Specifically, the law will allow the banking commissioner to accept applications for “expedited” banks, which would assume the liabilities and purchasing assets of in-state banks that have been taken over by the Federal Deposit Insurance Corp.
Additionally, the law allows the banking commissioner to waive the filing of a Community Reinvestment Act plan for banks that meet certain standards, and expedites the process for them to establish bank branches.
In December, Banking Commissioner Howard Pitkin said he would ask state lawmakers to consider legislation to cut the time it takes for Connecticut banks to complete a merger or obtain a charter.
The current regulatory process can take months. Pitkin said he wanted to cut that period to a matter of days in case a Connecticut bank is on the verge of failure and needs to be quickly combined with a healthier institution.
“I think this new world we are in requires us to be a lot faster,” Pitkin told state lawmakers at a meeting in December. “The process is too slow.”
Under the law, which will be in effect from Oct. 1, 2009 to Sept. 30, 2011, individuals wishing to organize an expedited Connecticut bank must file an application with the banking commissioner.
The law allows the commissioner to waive any banking laws and regulations necessary for the consummation of a bank acquisition involving an expedited Connecticut bank if he finds that it is “advisable and in the interest of depositors or the public.”
The commissioner must, however, require that expedited banks federally insure their accounts and deposits.

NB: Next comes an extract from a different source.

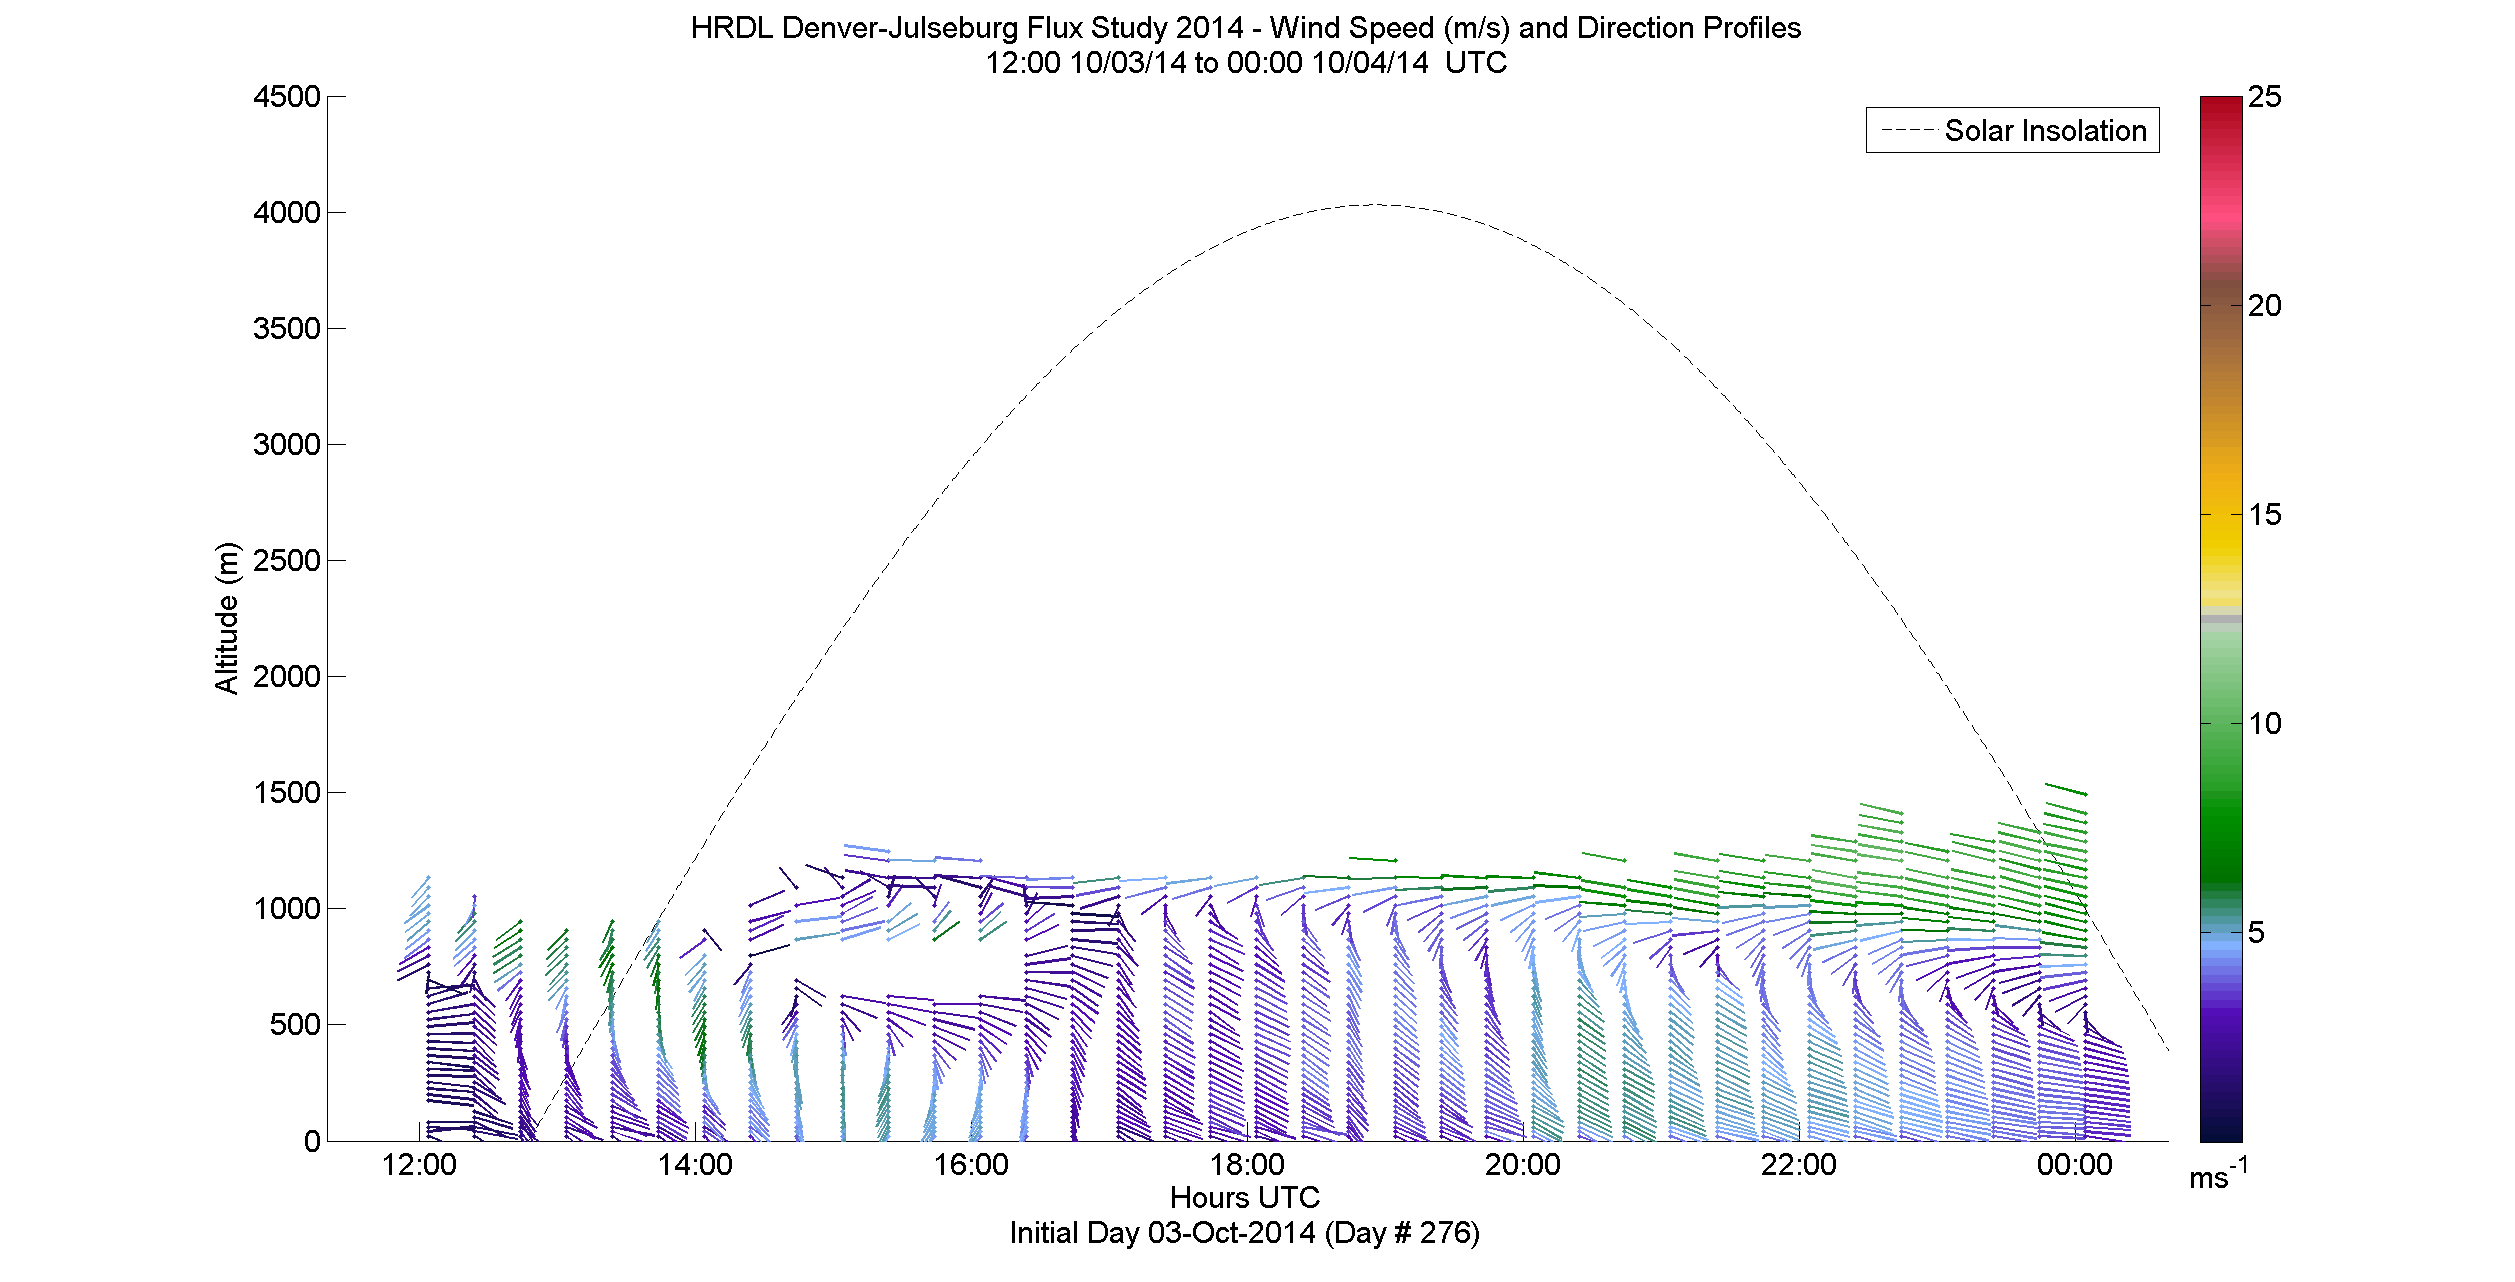 HRDL speed and direction profile - October 3 pm

Any waiver the commissioner grants must be in writing and include the reasons for the waiver.
If approved, the expedited bank would be able to take over the deposits and assets of banks that have been placed in receivership or conservatorship by the FDIC.
The new law doesn’t specify exactly how long it would take for the expedited bank to form, but presumably it would be much faster than the current process.
As the legislative session recently came to a close, state lawmakers failed to act on two key bills that the state’s insurance industry was keeping close tabs on, including one that would allow insurers to join an interstate compact and another that would limit their ability to use geographic location or credit history as an underwriting tool.
Senate Bill 456, which insurance industry lobbyists have been supporting for years, would have allowed Connecticut to join 32 others states in an interstate compact aimed at streamlining the approval process for new insurance products, but the proposal never even made it out of the insurance and real estate committee.
The compact, which is organized by the National Association of Insurance Commissioners, is a multi-state agreement that creates a central point for filing, reviewing and approving insurance products based on national uniform standards.
It allows insurers to get new products approved in a matter of weeks, much quicker than the current system, which can take 60 to 90 days or longer.
Insurance companies argue that the current slow approval process is putting them at a competitive disadvantage. Certain other financial services companies that are pushing similar products are federally regulated, so they can sidestep the state-level approval process and get their products to the market quicker.
Big states such as Texas, Ohio, and Michigan have already joined the compact, as have all New England states except, Connecticut.
The proposal faced fierce opposition from Attorney General Richard Blumenthal, who has said joining the compact would jeopardize important consumer protections.
In a victory for the industry, however, lawmakers did not approve proposed legislation that would place new limits on the use of geography or credit history as an underwriting tool for auto insurers.
Greg Bordonaro is a Hartford Business Journal staff writer.